A big storm hits the dome and breaks the windows, forcing Ray and Billy to break apart the fishpond to patch the broken panes. The next morning, the two are amazed to see the green light has become some aurora borealis, indicating the sky is becoming less cloudy and Billy discovers that the storm could mean Earth's atmosphere is returning. He also wonders about the possibility of other survivors in their own bunkers. However, Ray remains distraught, as their supply of food is ending with the dead fish. Seeing Ray's anxiety and hopelessness, a reversal of the two's emotional states at the beginning of the film, the optimistic Billy uses a pad of paper and draws a bowling ball, just as the magician at Ray's birthday party did.
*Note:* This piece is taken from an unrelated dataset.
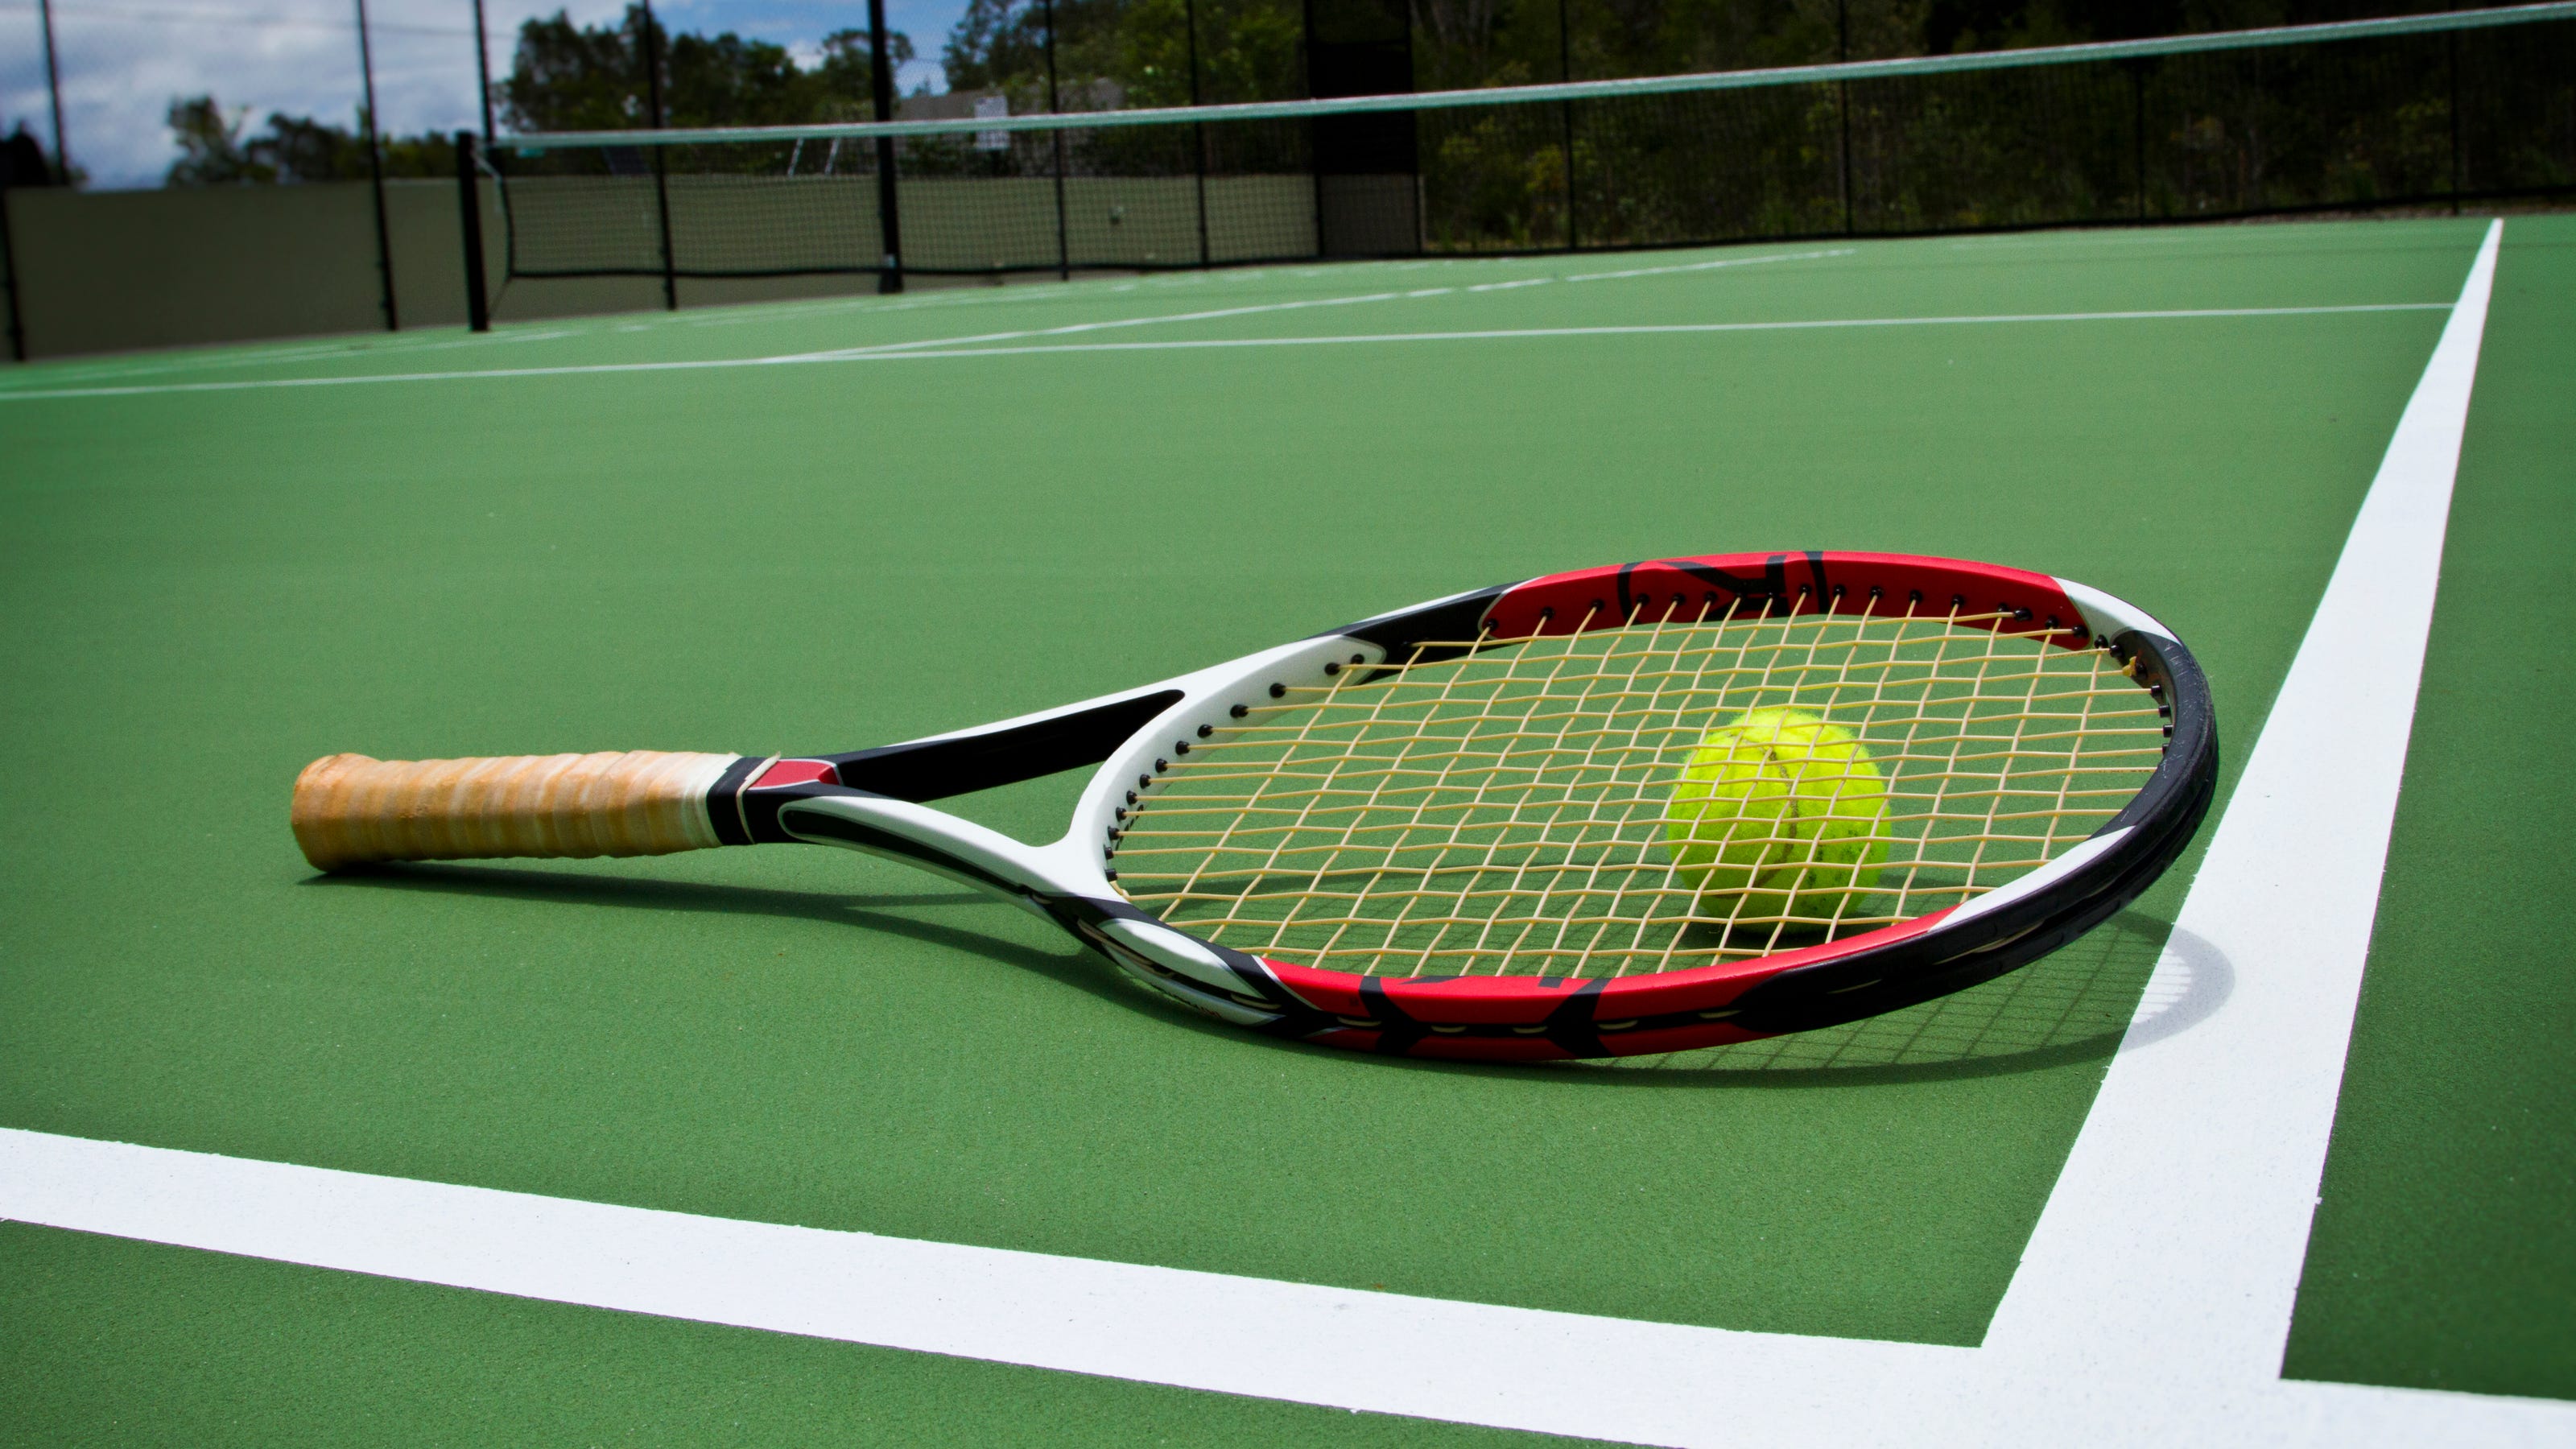 Теннисные названия. Теннис. Теннис ракетка и мяч. Ракетка для тенниса. Ракетка на теннисном корте.
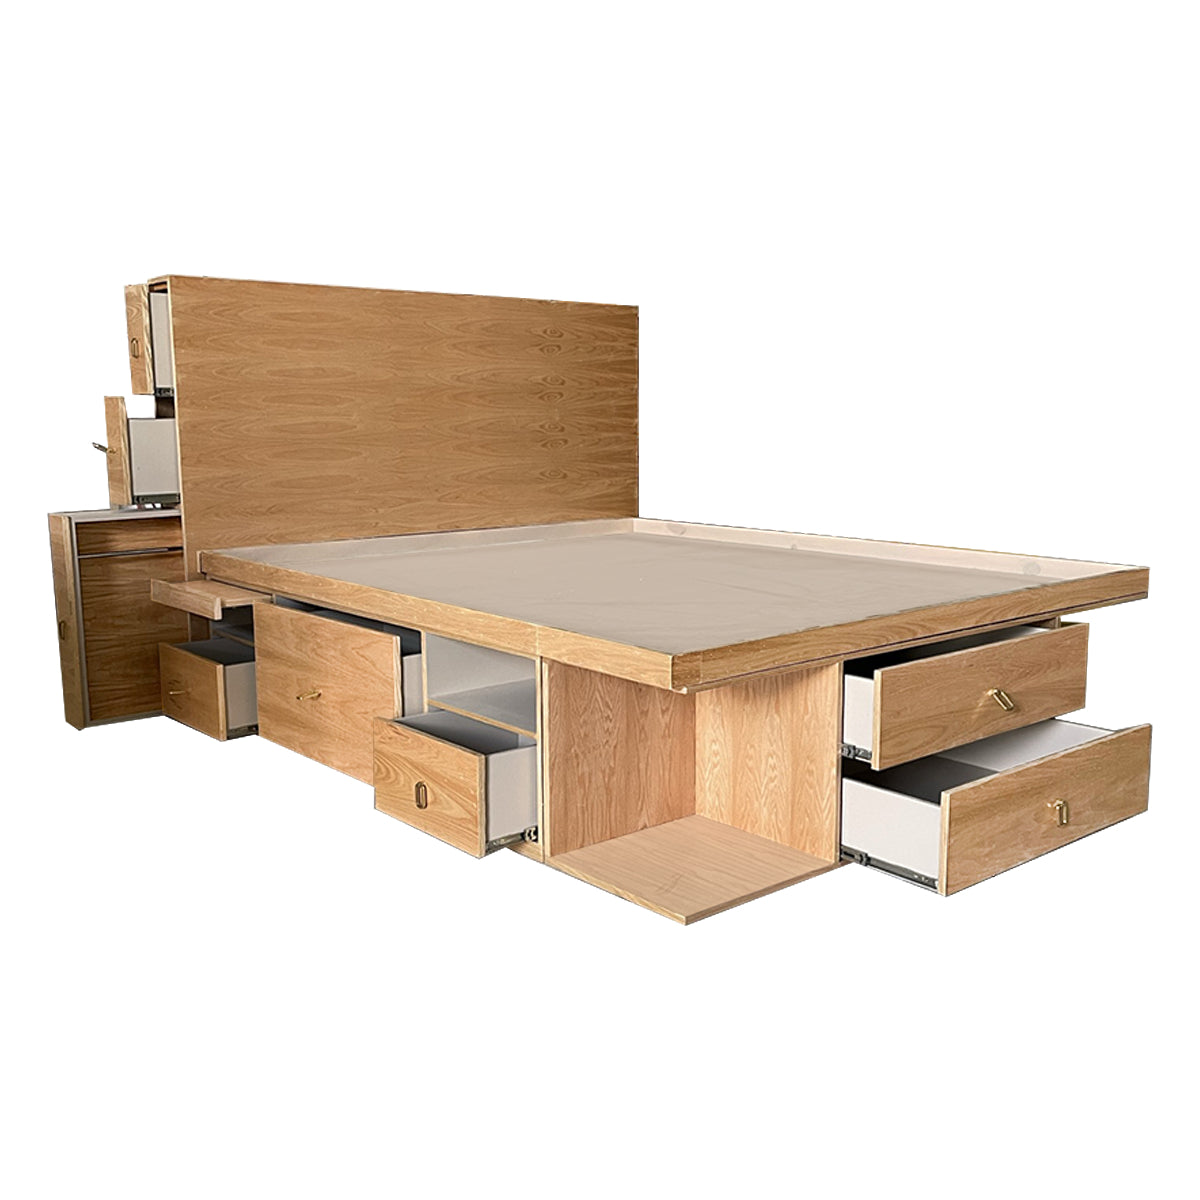 Base de cama con cajones Oslo  Wooden Box. – Wooden Box Mx

The screen goes black as a thud is heard.

==Cast==
- Sterling K. Brown as Ray
- Mark Duplass as Billy

==Production==
Biosphere was written by Mel Eslyn and Mark Duplass, who got the outline for the plot when they attended a writers' retreat in 2018. Eslyn also produced alongside Zackary Drucker, Maddie Buis and Shuli Harel, with Mark Duplass and Jay Duplass executive producers. IFC Films bought the North American rights for the film in November 2022.

==Release==
The film had its world premiere at the 2022 Toronto International Film Festival on September 10, 2022. It was released in theaters and on demand on July 7, 2023.

==Reception==
 Metacritic, which uses a weighted average, assigned the film a score of 59 out of 100, based on 17 critics, indicating "mixed or average" reviews.

John DeFore of The Hollywood Reporter described it as "post-apocalyptic survival meets … anxious buddy humour" and "a mysterious and hilarious pic". Anthony Lane of The New Yorker called it "sometimes larky in tone," but also "a frowningly intense venture that never stops being about itself." Mick LaSalle of the San Francisco Chronicle stated that "at its length, Biosphere is soporific and repetitive and puts viewers in the position of always being two steps ahead of it."